The data Block Start

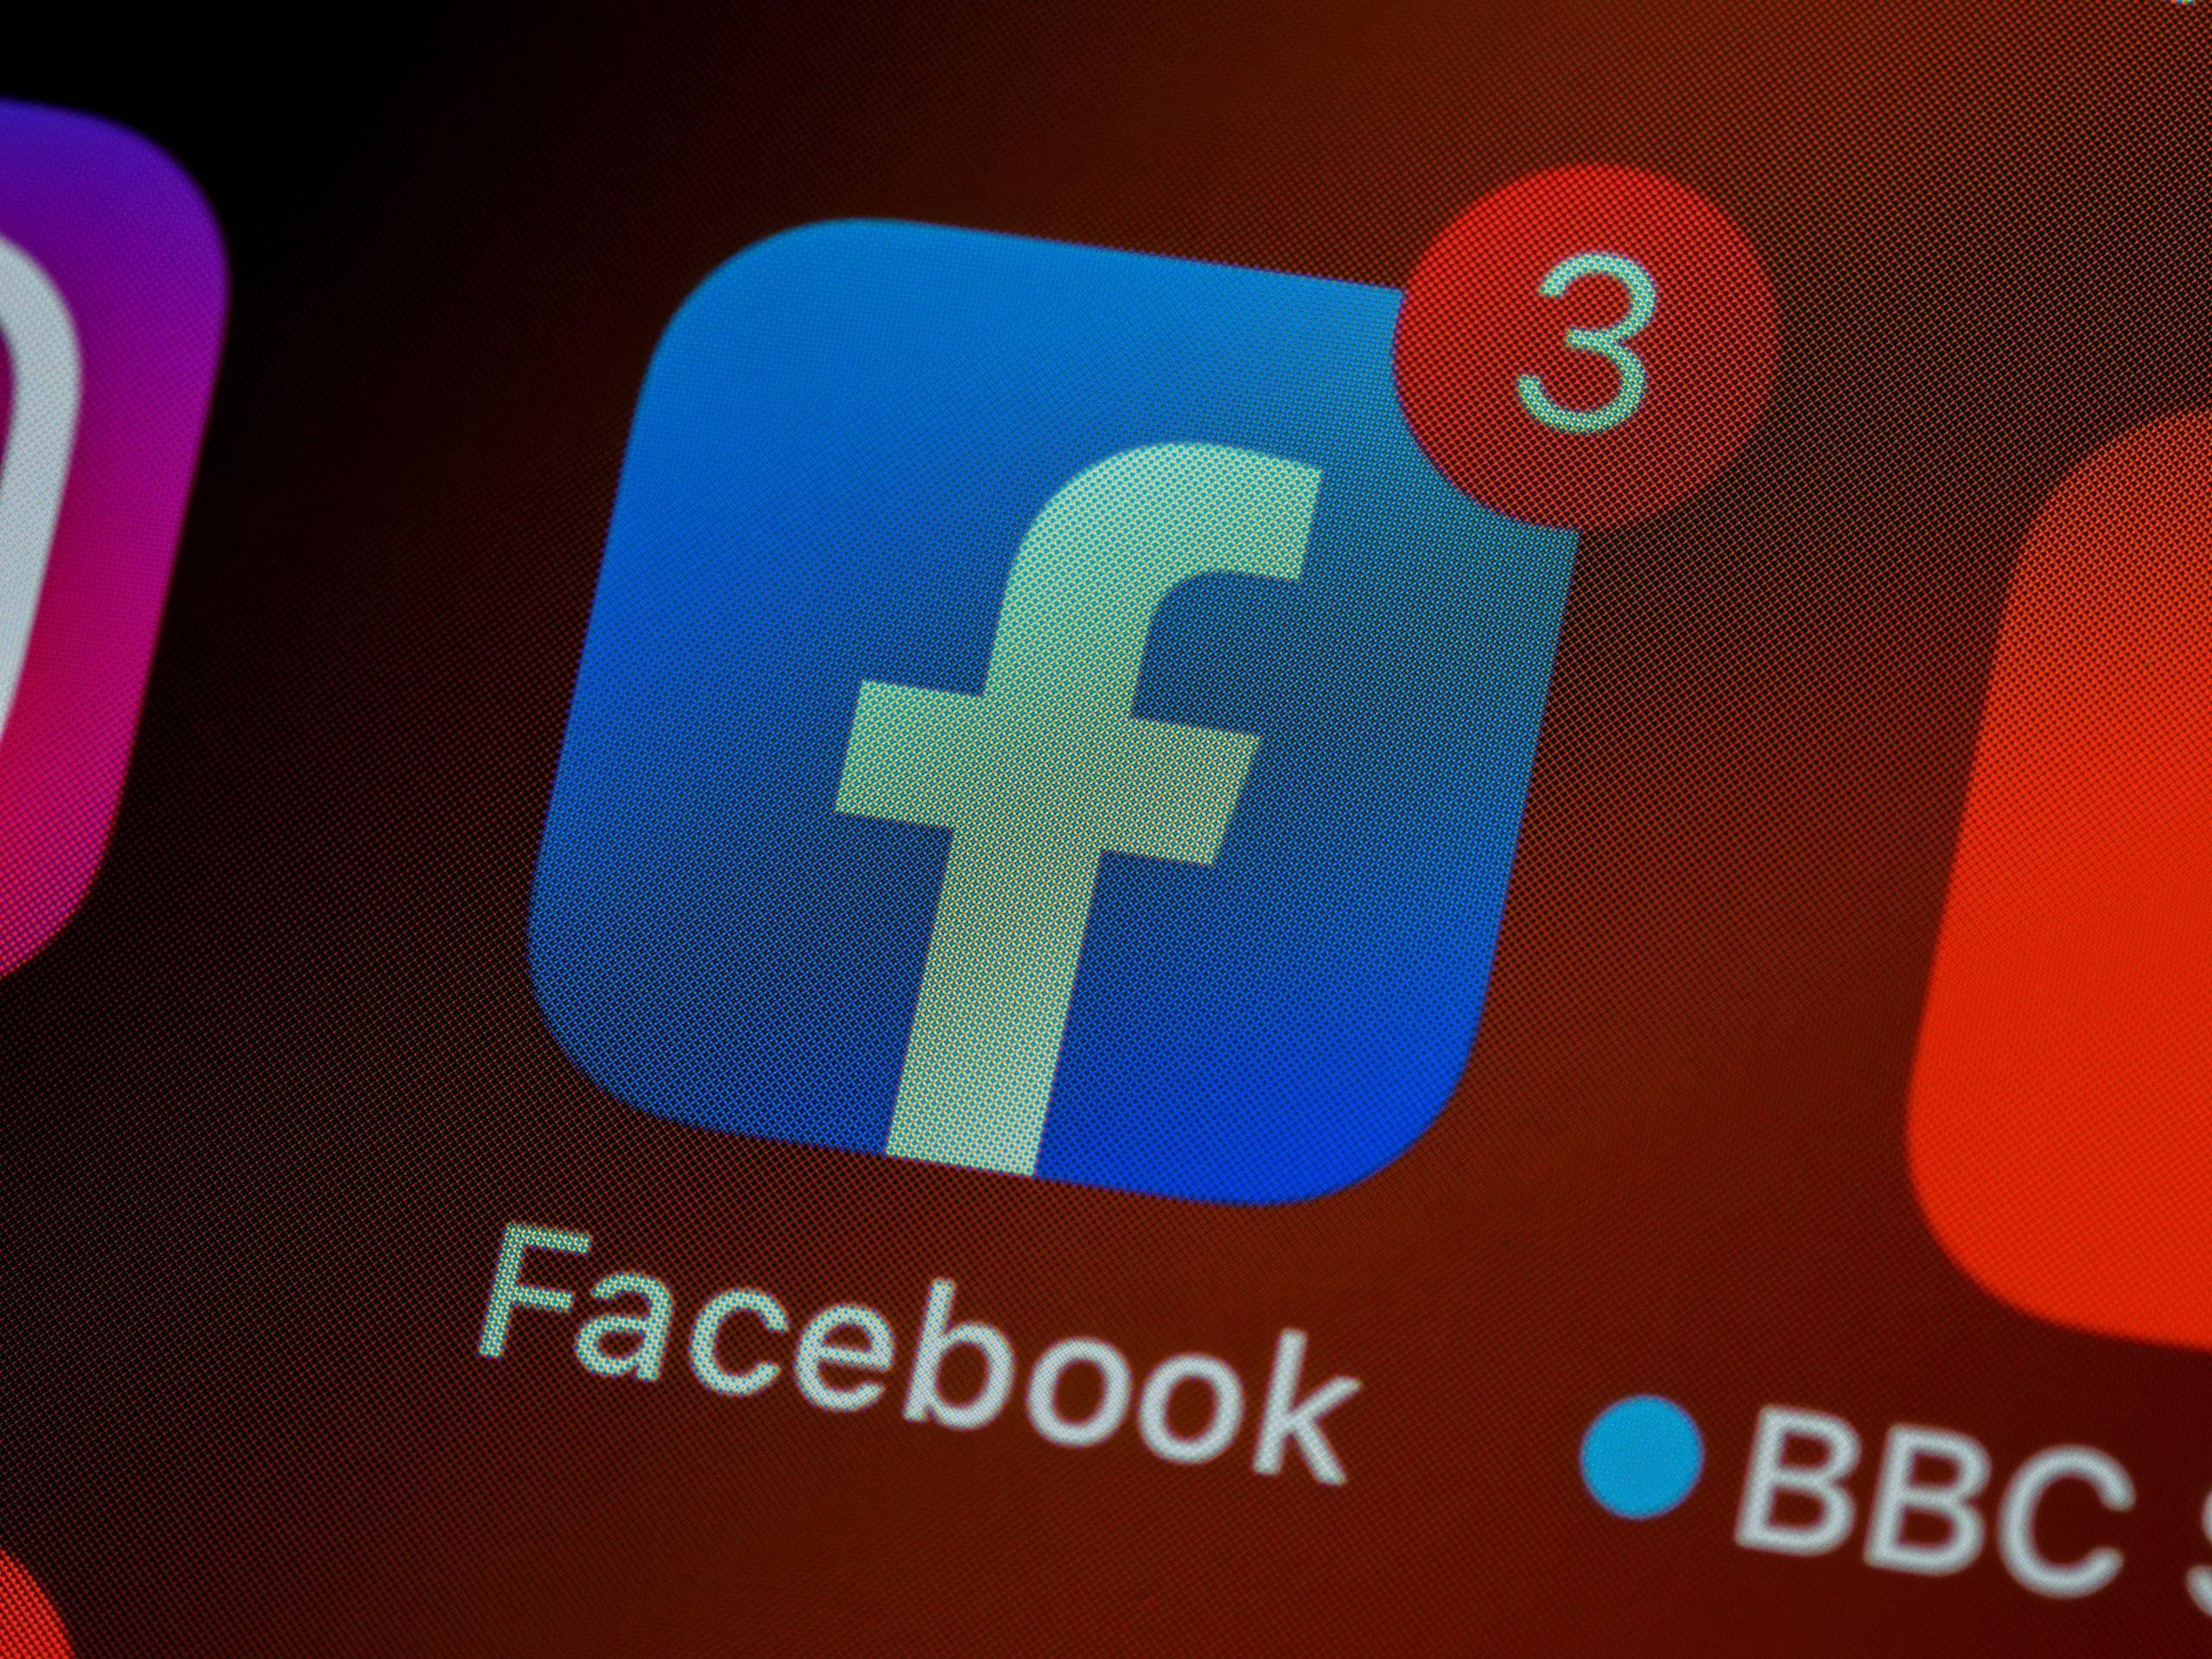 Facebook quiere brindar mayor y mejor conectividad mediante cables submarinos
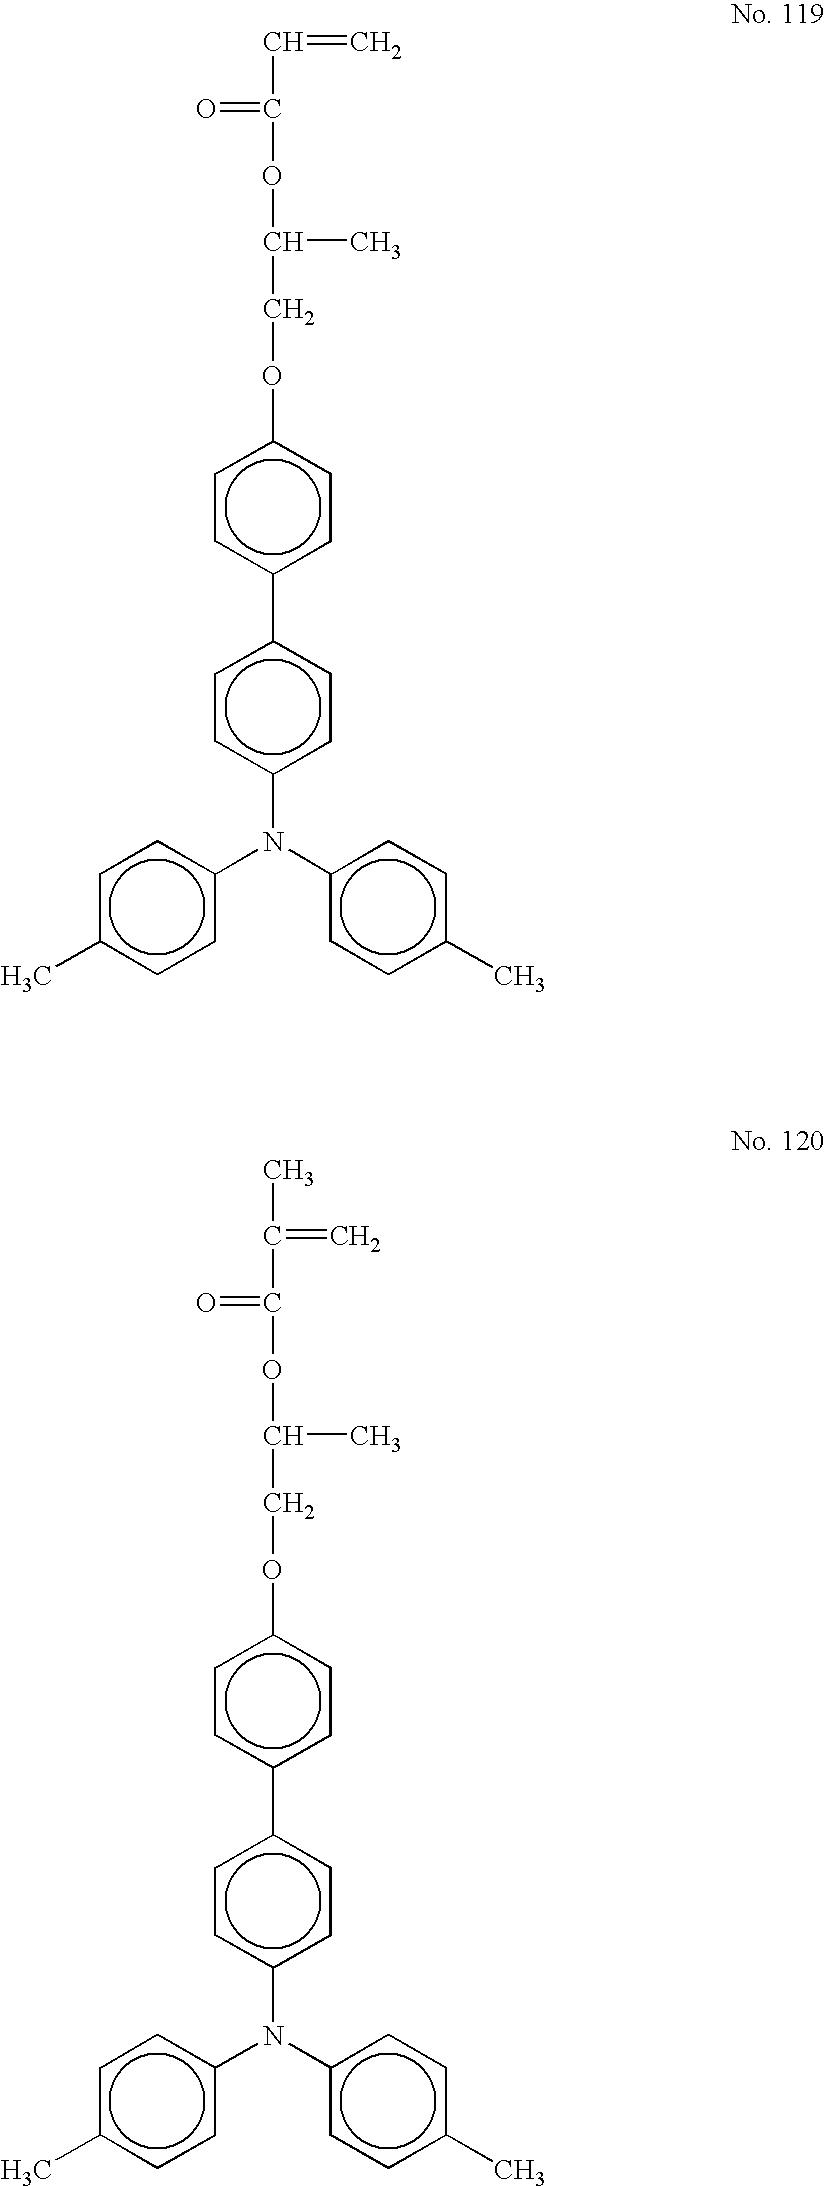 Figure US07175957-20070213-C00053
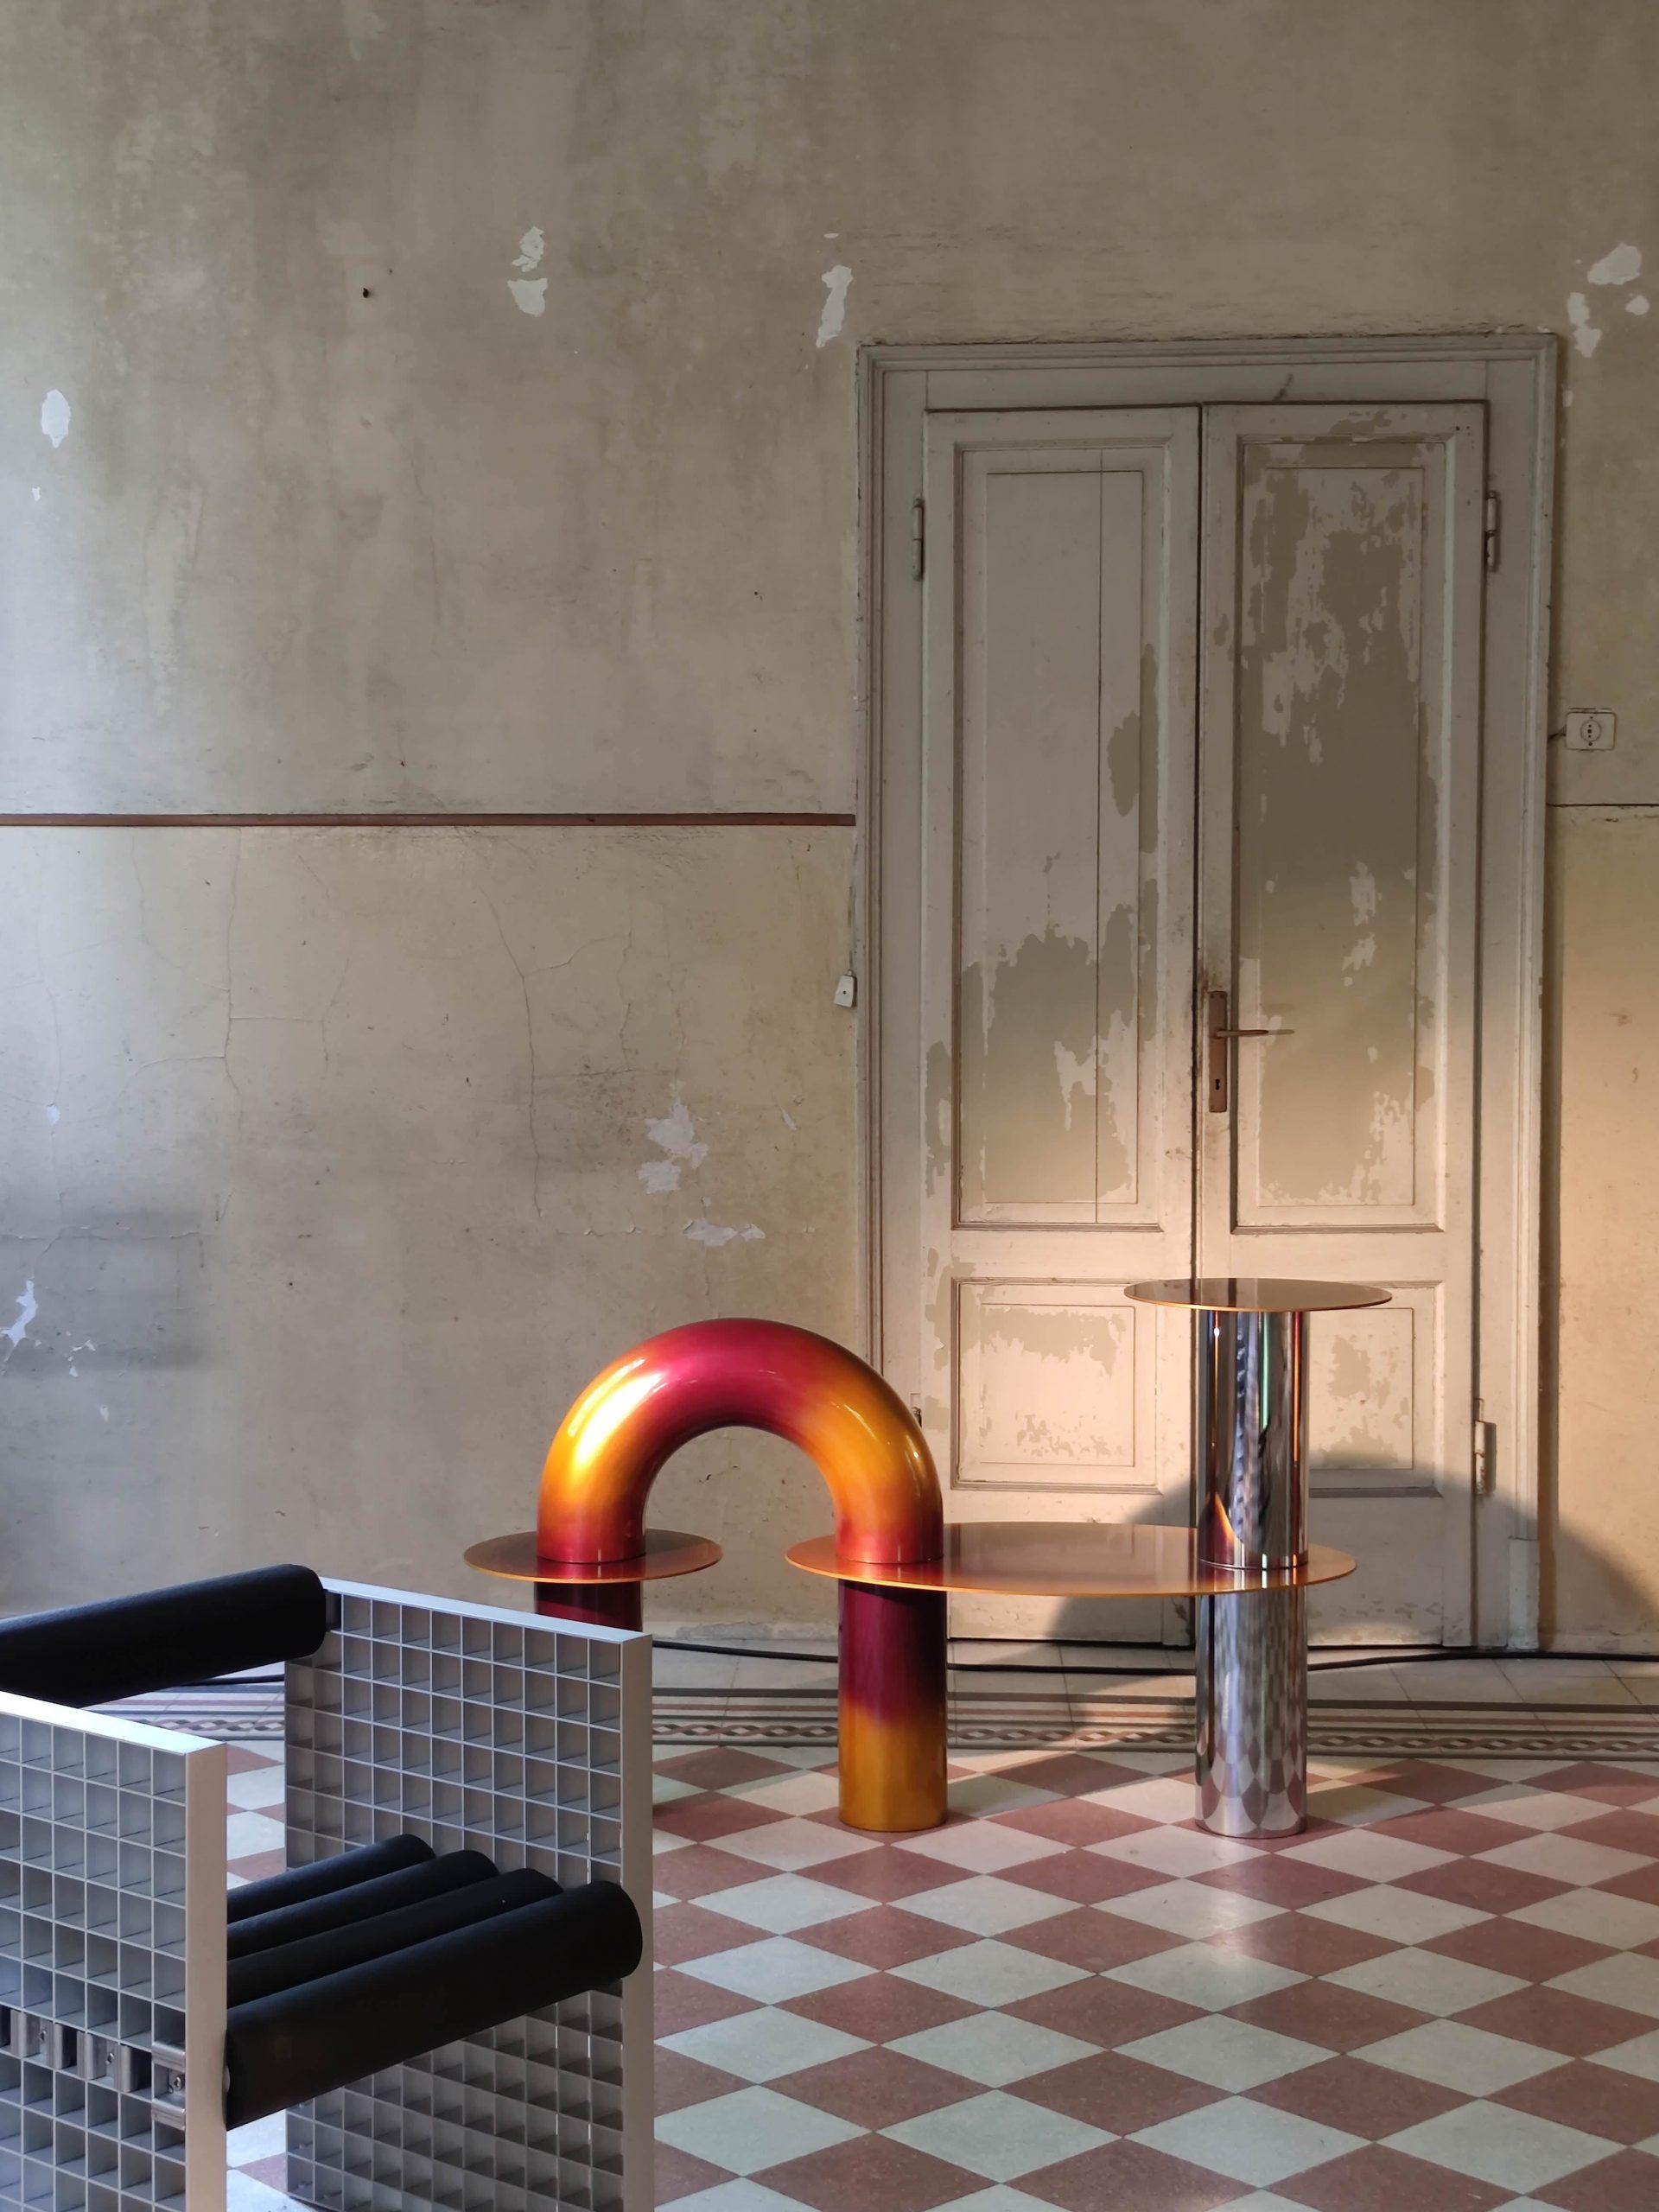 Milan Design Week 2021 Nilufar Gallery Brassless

The data Block End

## Directions
All of the listing should be transcribed exactly, but none of its images.

## Task response
 Facebook quiere brindar mayor y mejor conectividad mediante cables submarinos
 Figure US07175957-20070213-C00053
 Milan Design Week 2021 Nilufar Gallery Brassless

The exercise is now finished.